JUNEAU -- Gov. Sean Parnell's oil tax plan takes an approach that winds up giving oil companies "quite a lot" of money for projects that are economic today, a consultant told lawmakers Monday.
Janak Mayer of PFC Energy told the House Resources Committee that the alternative to a uniform lowering of government take is a system with greater complexity and potential for what he calls "perverse incentives," such as creating a situation where companies that must agree to projects going forward in some fields become focused on their own projects, and pursuing lower tax rates of their own.
Mayer said Parnell's new plan is very similar, in the amount of cash it moves across the table, to HB110, the plan Parnell proposed last year as a way to boost investment and production. At $110-a-barrel oil, the state would get $4.8 billion in production taxes under the current tax structure, $3.3 billion under Parnell's plan and $3.2 billion under HB110, according to PFC Energy estimates.
HB110 cleared the House in 2011 but stalled in the Senate, where it remains a non-starter. Senators have greeted Parnell's new plan with wariness and skepticism. For example, on Friday, the new plan underwent a public drubbing in the Senate Resources Committee.
Sen. Lesil McGuire, R-Anchorage, who said she agrees philosophically with Parnell on the need to make Alaska a more competitive place for industry investment, called the plan "half-baked" and told Revenue Department officials she didn't think they understood the ins-and-outs of the bill, SB3001 on the Senate side and HB3001 on the House side.
She said this isn't the right way to go about tackling an issue so important to Alaska's economy.
"And we all know it's going to end in a train wreck, and now it's just a matter of who gets to be blamed for it, and I think that's silly," she said.
This is the first full week of the special session called by Parnell to address oil taxes and in-state gas pipeline and human trafficking bills. It comes against the backdrop of an election year for nearly all the Legislature's 60 members.
The trafficking bill passed last week, leaving the thornier issues ahead.
The only hearings held Monday were in front of House Resources and the House Special Committee on Energy, and a number of lawmakers listened in from the audience. Energy committee members are sitting in on the hearings, in an effort to get as many House members up to speed on the issue as possible.
Parnell's tax plan faces long odds; Rep. Paul Seaton, R-Homer, and co-chair of the House Resources Committee, said he thinks it would be unlikely for Parnell's plan in its current form to pass.

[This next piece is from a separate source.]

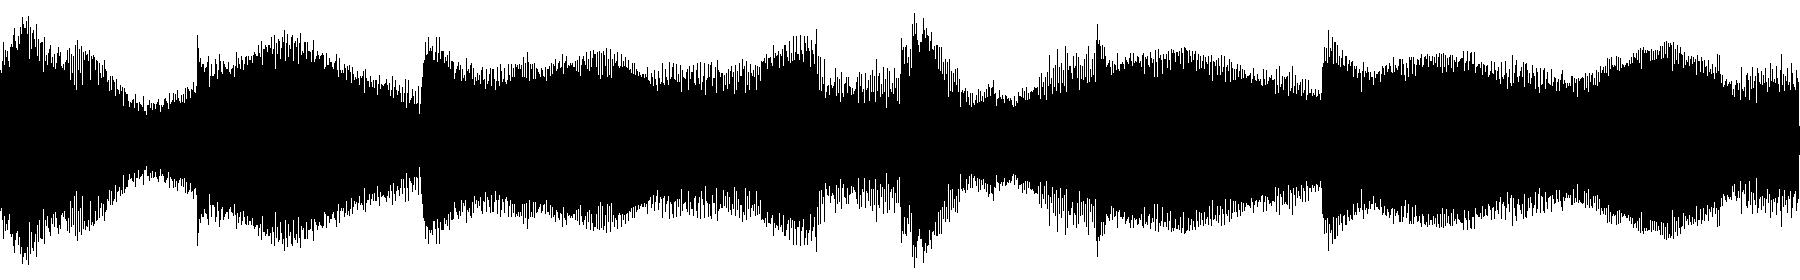 vedh melodyloop 076 amaj7 cm b 120bpm

Parnell's bill borrows from the Senate proposal that cleared during the last weekend of the regular session, providing a tax break, or "production allowance," for the first 10 years of production from new fields on the North Slope. But it also cuts taxes for existing producers and allows tax incentives for well-lease expenditures -- provisions more in line with HB110.
Mayer said hypothetically, if the decline in production from legacy fields could be reduced from 6 percent a year to 2 percent a year, revenue from 2020 on could be higher than under the current scenario with the governor's new plan. But he said revenue until that point would be significantly reduced -- and it's not clear how doable eating into the decline curve like that actually is.
Both the Alaska Oil and Gas Association and Conoco Phillips have expressed support for HB3001, as introduced. A spokeswoman for Conoco Phillips Alaska said the bill would make the North Slope more attractive for capital investment.
Rep. Mike Doogan, D-Anchorage, said he can't see the Senate passing "any version" of Parnell's bill.
"And frankly I'm not sure the House is going to pass any version of this bill because there are a lot more questions than answers out of this so far," he said.